433 fn_stack.push(lambda v: v.rotate_x(-camera.rot_x)) # (2)
434 fn_stack.push(lambda v: v.rotate_y(-camera.rot_y)) # (3)
435 fn_stack.push(lambda v: v.translate(-camera.position_ws)) # (4)
draw paddle 1¶
Unlike in previous demos in which we read the transformations from model space to world space backwards; because the transformations are on a stack, the fns on the model stack can be read forwards, where each operation translates/rotates/scales the current space
439 fn_stack.push(
440 lambda v: v.translate(paddle1.position)
441 ) # (5) translate the local origin
442 fn_stack.push(
443 lambda v: v.rotate_z(paddle1.rotation)
444 ) # (6) (rotate around the local z axis
for each of the modelspace coordinates, apply all of the procedures on the stack from top to bottom this results in coordinate data in NDC space, which we can pass to glVertex3f
448 glColor3f(paddle1.r, paddle1.g, paddle1.b)
449
450 glBegin(GL_QUADS)
451 for paddle1_vertex_ms in paddle1.vertices:
452 paddle1_vertex_ndc = fn_stack.modelspace_to_ndc(paddle1_vertex_ms)
453 glVertex3f(
454 paddle1_vertex_ndc.x,
455 paddle1_vertex_ndc.y,
456 paddle1_vertex_ndc.z,
457 )
458 glEnd()
draw the square¶
since the modelstack is already in paddle1’s space, and since the blue square is defined relative to paddle1, just add the transformations relative to it before the blue square is drawn.
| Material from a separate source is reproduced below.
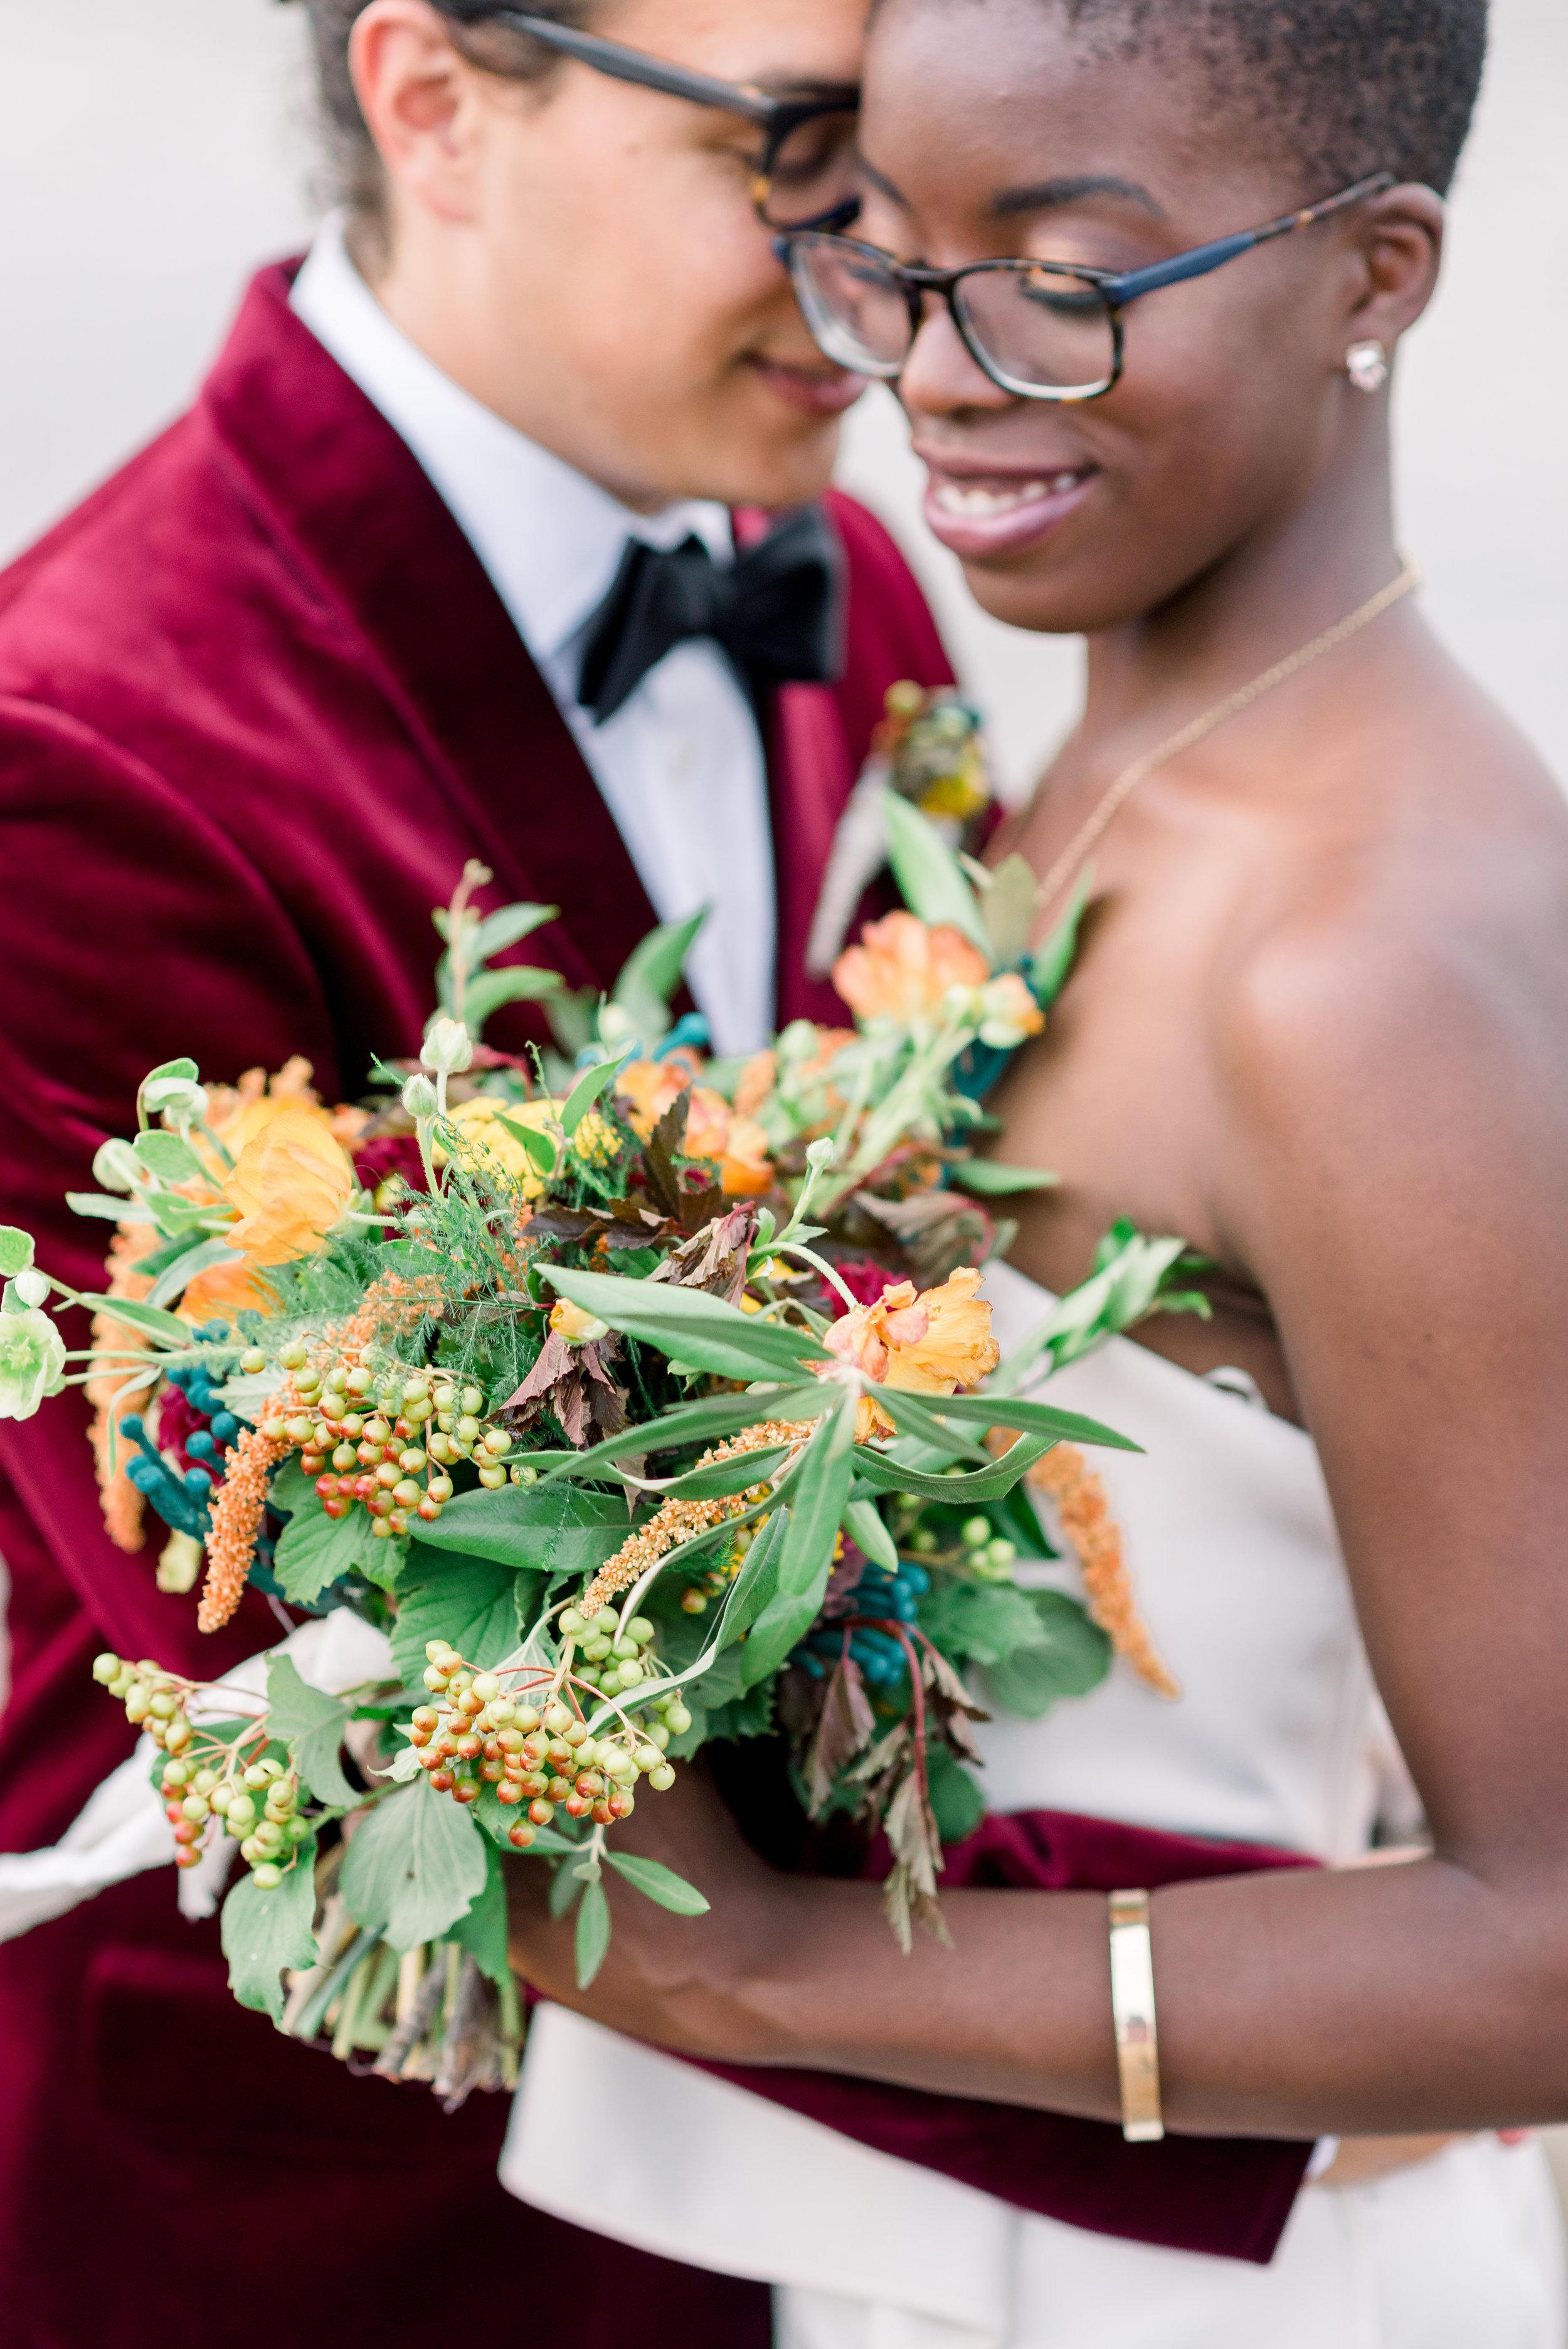 Wood-Violets-Vintage-Brewing-Company-Styled-Shoot-Blu-Moose-Photography-Moji-Jory-Wedding-Photos-22.jpg

Draw the square, and then remove these 4 transformations from the stack (done below)
462 glColor3f(0.0, 0.0, 1.0)
463
464 fn_stack.push(lambda v: v.translate(Vertex(x=0.0, y=0.0, z=-1.0))) # (7)
465 fn_stack.push(lambda v: v.rotate_z(rotation_around_paddle1)) # (8)
466 fn_stack.push(lambda v: v.translate(Vertex(x=2.0, y=0.0, z=0.0))) # (9)
467 fn_stack.push(lambda v: v.rotate_z(square_rotation)) # (10)
468
469 glBegin(GL_QUADS)
470 for model_space in square:
471 ndc = fn_stack.modelspace_to_ndc(model_space)
472 glVertex3f(ndc.x, ndc.y, ndc.z)
473 glEnd()
Now we need to remove fns from the stack so that the lambda stack will convert from world space to NDC. This will allow us to just add the transformations from world space to paddle2 space on the stack.
477 fn_stack.pop() # pop off (10)
478 fn_stack.pop() # pop off (9)
479 fn_stack.pop() # pop off (8)
480 fn_stack.pop() # pop off (7)
481 fn_stack.pop() # pop off (6)
482 fn_stack.pop() # pop off (5)
since paddle2’s model_space is independent of paddle 1’s space, only leave the view and projection fns (1) - (4)
draw paddle 2¶
462 glColor3f(0.0, 0.0, 1.0)
463
464 fn_stack.push(lambda v: v.translate(Vertex(x=0.0, y=0.0, z=-1.0))) # (7)
465 fn_stack.push(lambda v: v.rotate_z(rotation_around_paddle1)) # (8)
466 fn_stack.push(lambda v: v.translate(Vertex(x=2.0, y=0.0, z=0.0))) # (9)
467 fn_stack.push(lambda v: v.rotate_z(square_rotation)) # (10)
468
469 glBegin(GL_QUADS)
470 for model_space in square:
471 ndc = fn_stack.modelspace_to_ndc(model_space)
472 glVertex3f(ndc.x, ndc.y, ndc.z)
473 glEnd()
remove all fns from the function stack, as the next frame will set them clear makes the list empty, as the list (stack) will be repopulated the next iteration of the event loop.
499 fn_stack.clear() # done rendering everything, just go ahead and clean 1-6 off of the stack
Swap buffers and execute another iteration of the event loop
503 glfw.swap_buffers(window)
Notice in the above code, adding functions to the stack is creating a shared context for transformations, and before we call “glVertex3f”, we always call “modelspace_to_ndc” on the modelspace vertex. In Demo 19, we will be using OpenGL 2.1 matrix stacks. Although we don’t have the code for the OpenGL driver, given that you’ll see that we pass modelspace data directly to “glVertex3f”, it should be clear that the OpenGL implementation must fetch the modelspace to NDC transformations from the ModelView and Projection matrix stacks.